No pronouncement as to costs.

SO ORDERED.

Melo, Kapunan, Pardo, and Ynares-Santiago, JJ., concur.

[1]  Per Cui, E. J., with Montenegro, E. and De la Rama, J., JJ. concurring.  Annex of Petition, Rollo, 16-26.

[2]  117 SCRA 63 [1982].

[3]  Article 1249.  The payment of debts in money shall be made in the currency stipulated, and if it is not possible to deliver such currency, then in the currency which is legal tender in the Philippines.

The delivery of promissory noted payable to order, or bills of exchange or other mercantile documents shall produce the effect of payment only when they have been cashed, or when through the fault of the creditor they have been impaired.

In the meantime, the action derived from the original obligation shall be held in abeyance.

[4]  General Insurance & Surety Corporation v. Ng Hua, 106 Phil. 1117 [1960]; and Union Manufacturing Co., Inc. v. Philippine Guaranty Co., Inc., 47 SCRA 271 [1972].

[5]  Section 66.  In case of insurance other than life, unless the insurer at least forty-five days in advance of the end of the policy period mails or delivers to the named insured at the address shown in the policy notice of its intention not to renew the policy or to condition its renewal upon reduction of limits or elimination of coverages, the named insured shall be entitled to renew the policy upon payment of the premium due on the effective date of the renewal.  Any policy written for a term of less than one year shall be considered as if written for a term of one year.  Any policy written for a term longer than one year or any policy with no fixed expiration date shall be considered as if written for successive policy periods or terms of one year.

[6]  Section 77, Insurance Code.

[7]  Borillo v.

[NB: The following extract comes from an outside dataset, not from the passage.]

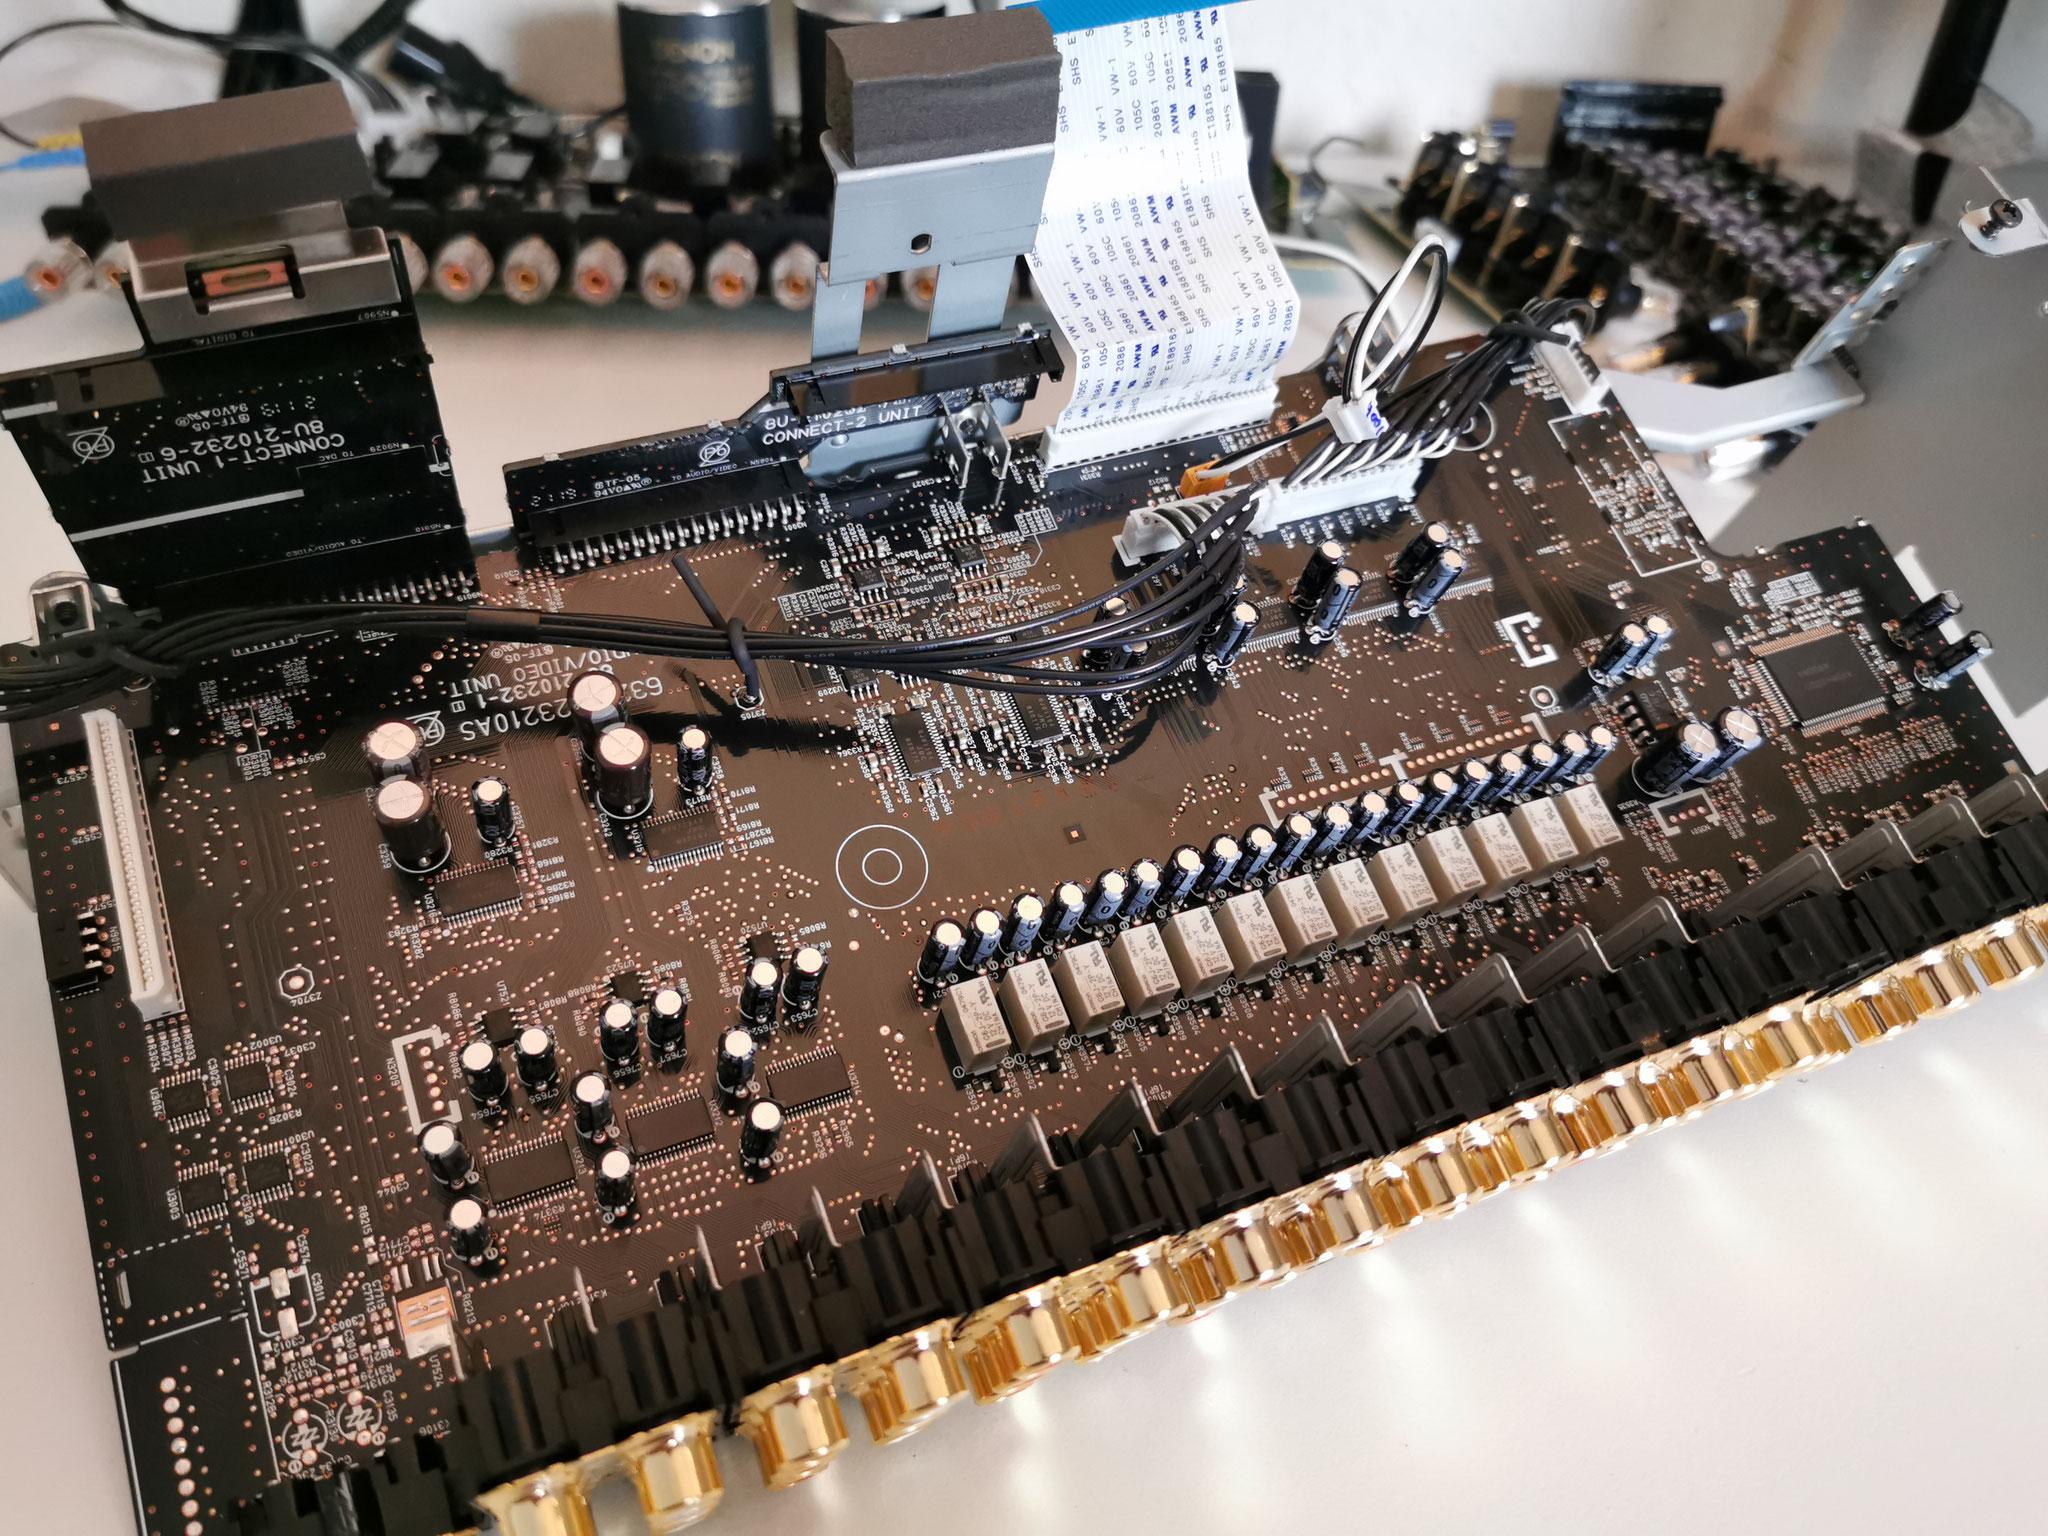 Denon AVC-X8500H Input Output Board

Court of Appeals, 209 SCRA 130, 140 [1992]; Gobonsong, Jr. v. Court of Appeals, 246 SCRA 472, 474-475 [1995]; Vda. de Alcantara v. Court of Appeals, 252 SCRA 457, 468 [1996].

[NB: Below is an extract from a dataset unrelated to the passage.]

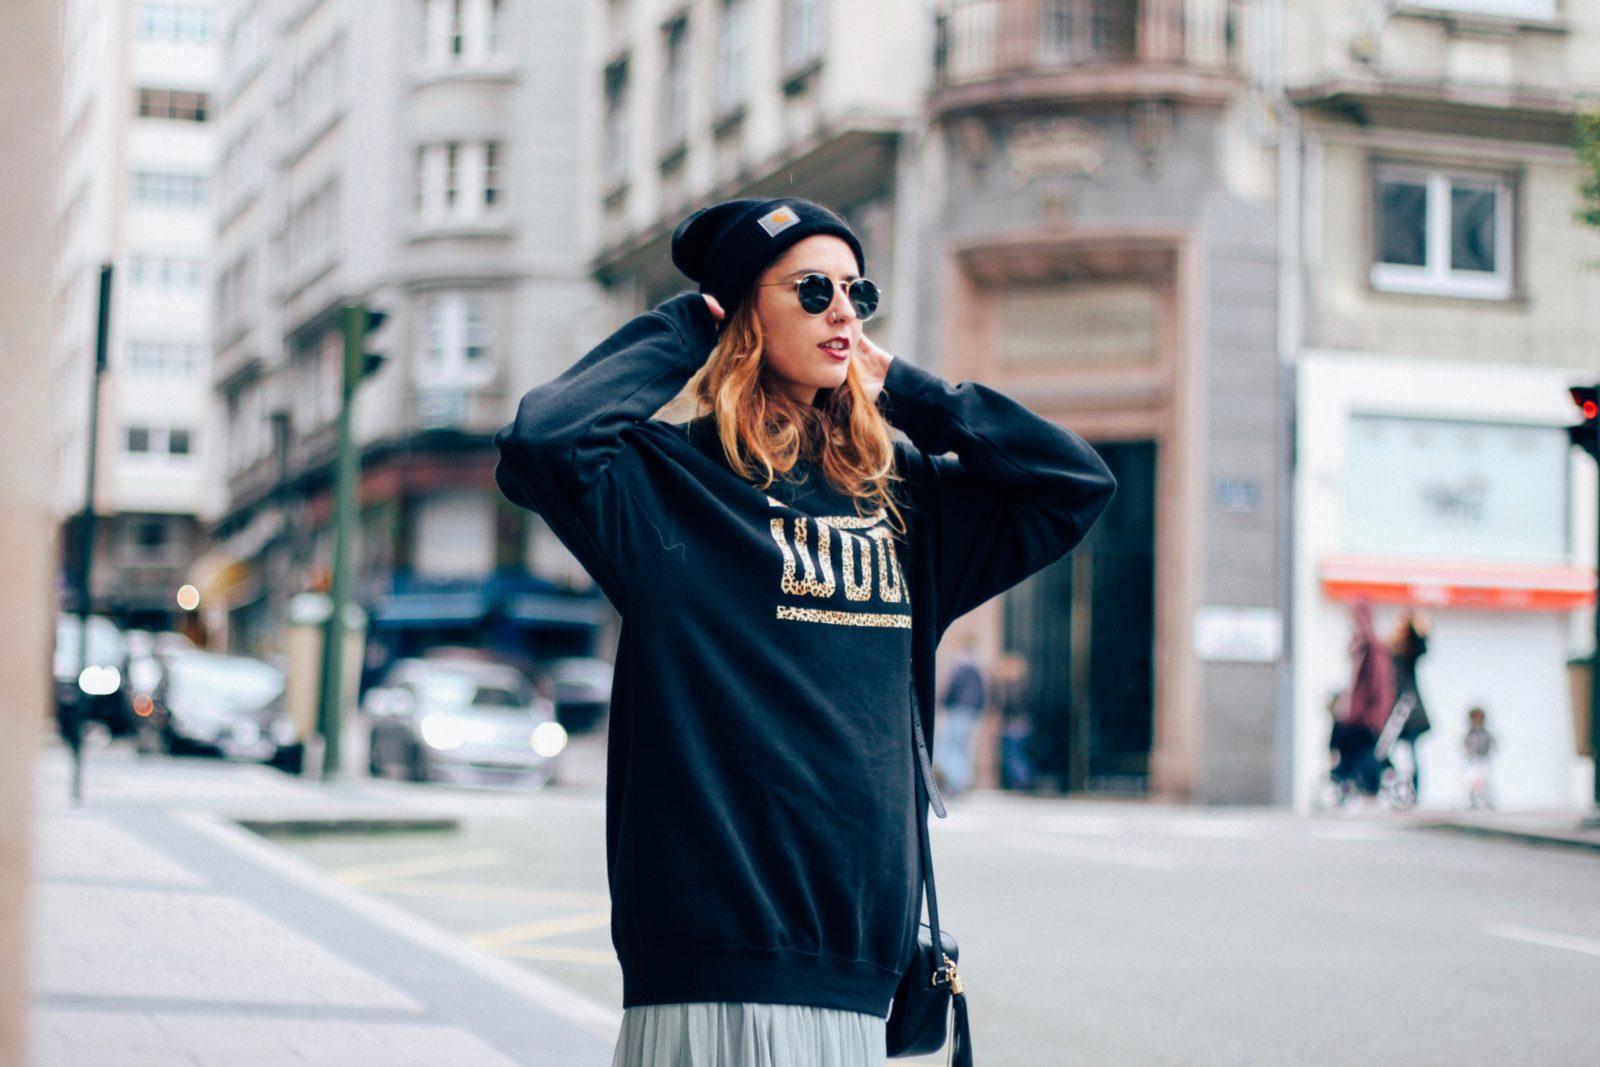 sudadera_old_dogs_falda_de_tul_vans_beanie_carhartt_look_donkeycool_street_style-13

[8]  See:  Malayan Insurance Co. v. Arnaldo, 154 SCRA 672, 678 [1987].

[9]  RUFUS B. RODRIGUEZ, The Insurance Code of the Philippines Annotated, 3rd ed., 162.

[10]  241 SCRA 152, 160 [1995], citing General Insurance & Surety Corporation v. Ng Hua, 106 Phil. 1117 [1960]; Union Manufacturing Co., Inc. v. Philippine Guaranty Co., Inc., 47 SCRA 271 [1972]; Pioneer Insurance & Surety Corporation v. Yap, 61 SCRA 426 [1974].

[11]  Section 29.  An intentional and fraudulent omission, on the part of one insured, to communicate information of matters proving or tending to prove the falsity of a warranty, entitles the insurer to rescind.

[12]  Geagonia v. Court of Appeals, supra note 10.

[13]  TSN, 27 November 1991, 29-30.

[14]  Visayan Sawmill Company, Inc. v. Court of Appeals, 219 SCRA 378, 392 [1993], citing authorities.

[15]  People v. Wenceslao, 212 SCRA 560, 569 [1992].

[16]  Article 2232, Civil Code.

[17]  Firestone Tire & Rubber Company of the Philippines v. Chaves, 18 SCRA 356, 358 [1966]; Philippine Air Lines v. Miano, 242 SCRA 235, 240 [1995].

[18]  Philtranco Service Enterprises Inc. v. Court of Appeals, 273 SCRA 562, 575 [1997].